#### WHAT TO WORK ON:
Retype word for word the stretch of entries below from the line that has "QUByte Classics: Zero" through the line that has "Baixo de 4 cordas", and omit the pictures.

#### RECORDED DATA:
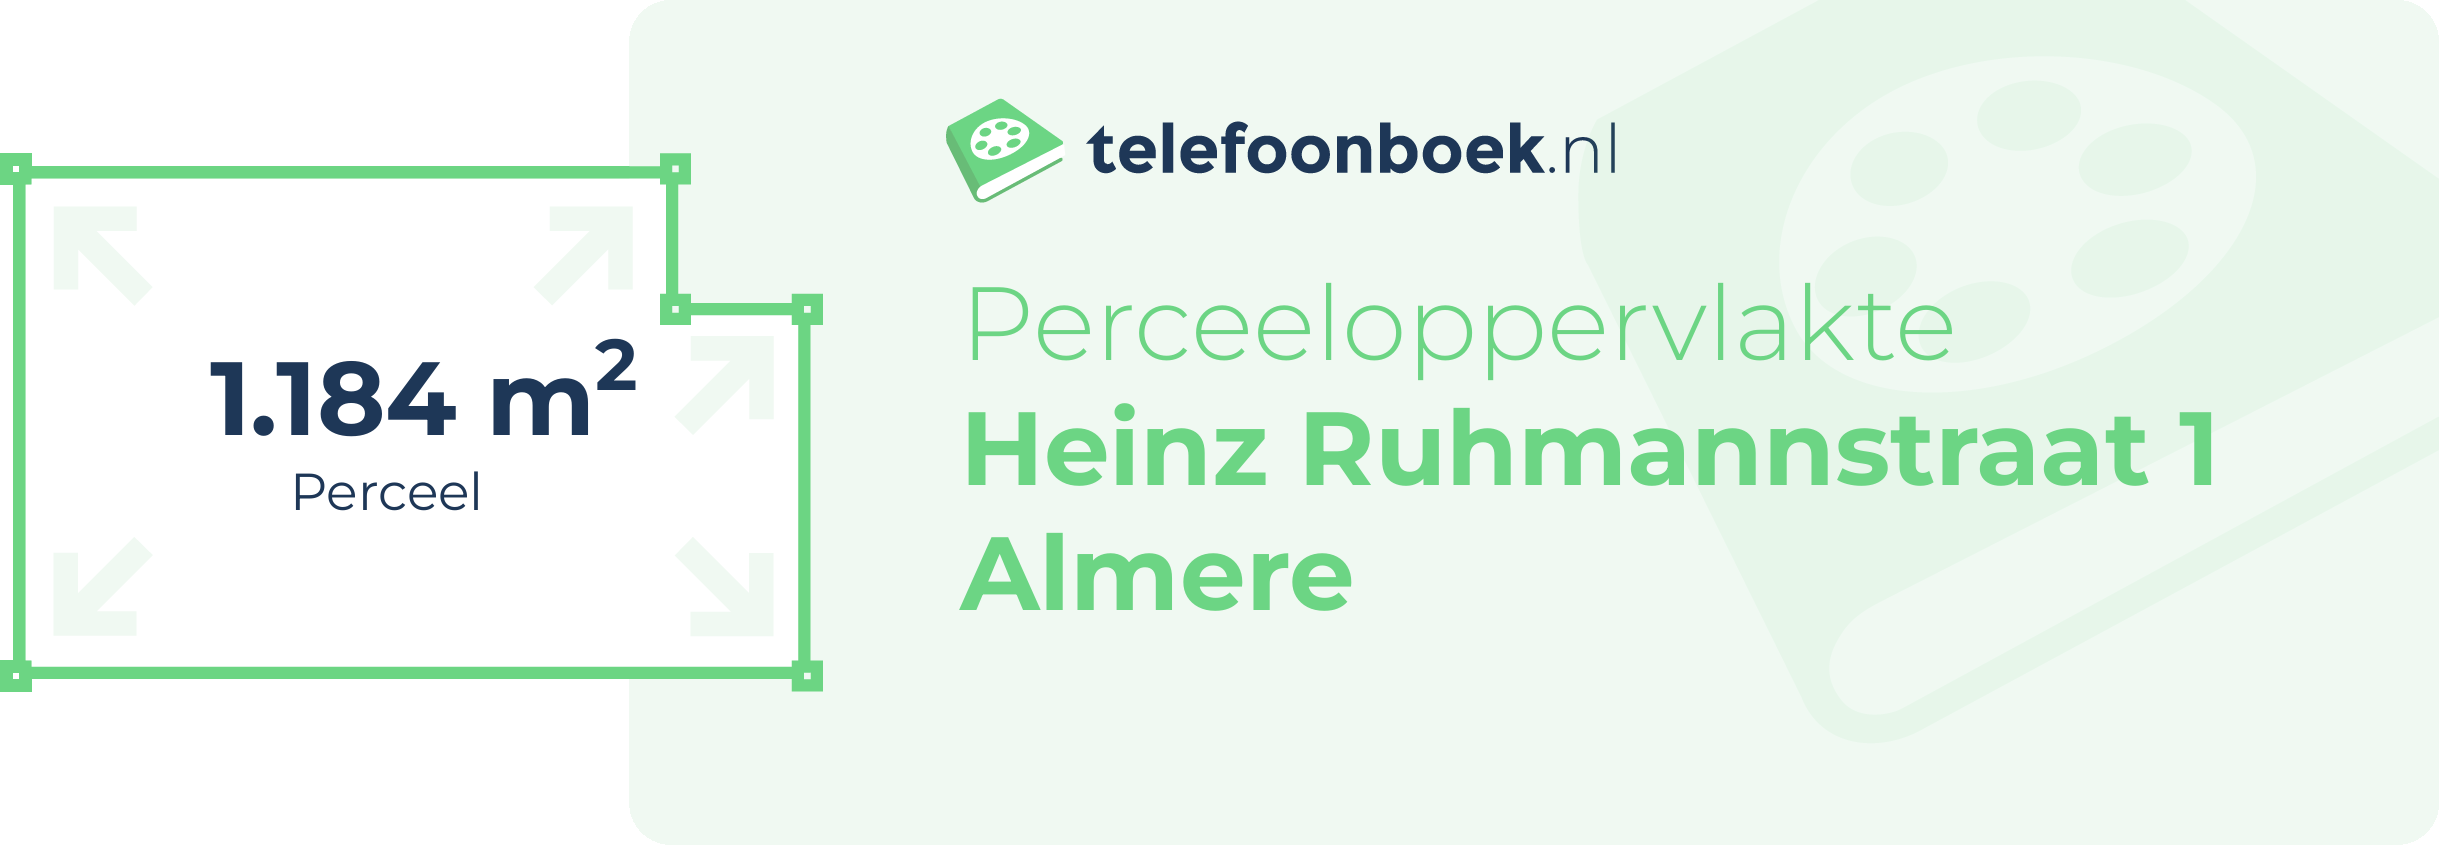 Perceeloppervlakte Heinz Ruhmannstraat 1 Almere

---

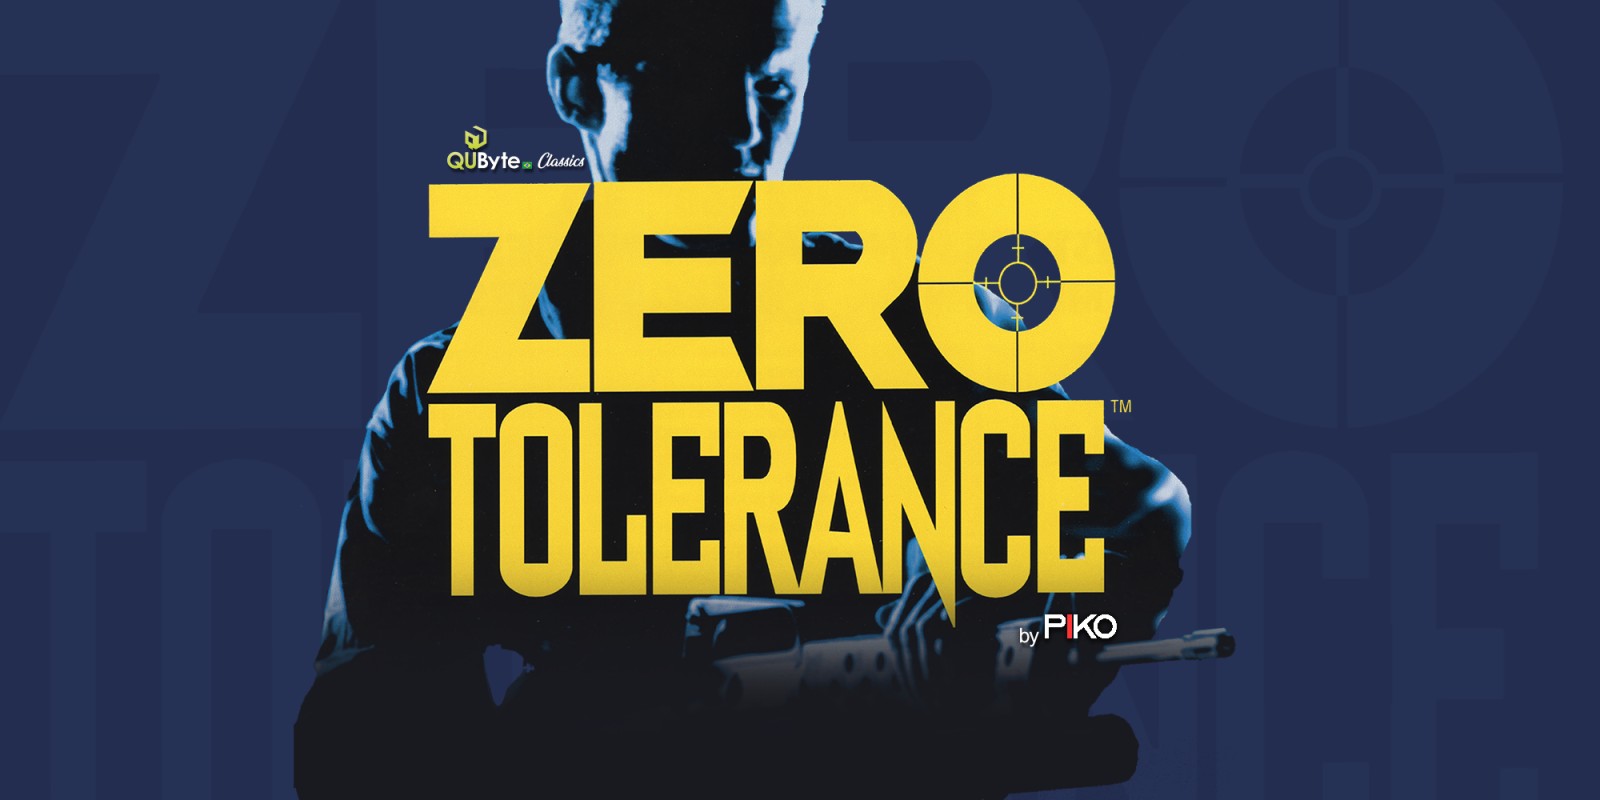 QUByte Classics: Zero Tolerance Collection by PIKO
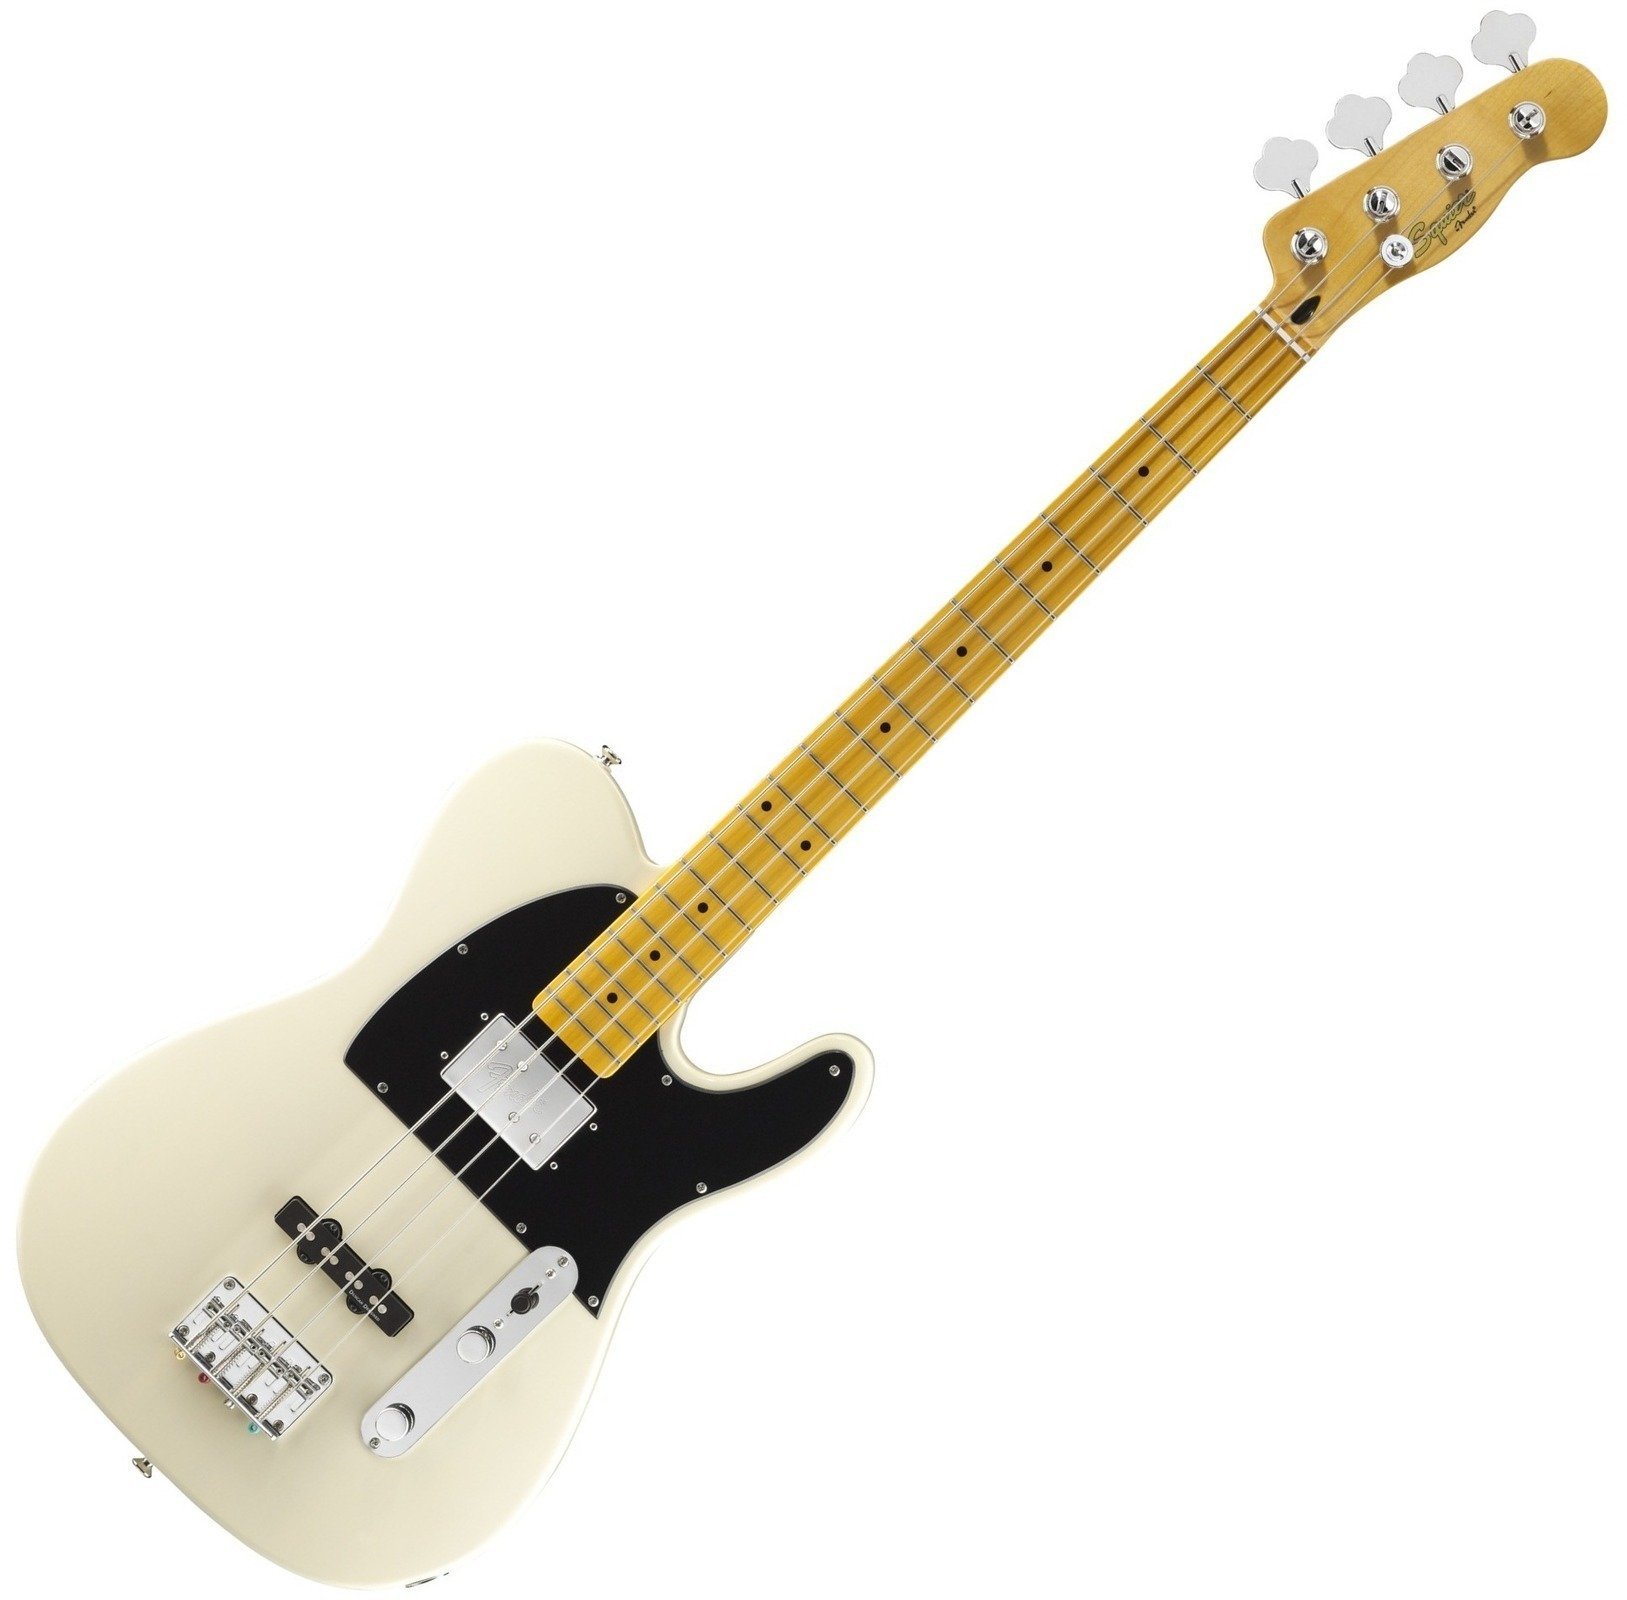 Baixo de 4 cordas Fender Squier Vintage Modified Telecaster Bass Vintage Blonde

#### FINISHED TASK:
 QUByte Classics: Zero Tolerance Collection by PIKO
 Baixo de 4 cordas Fender Squier Vintage Modified Telecaster Bass Vintage Blonde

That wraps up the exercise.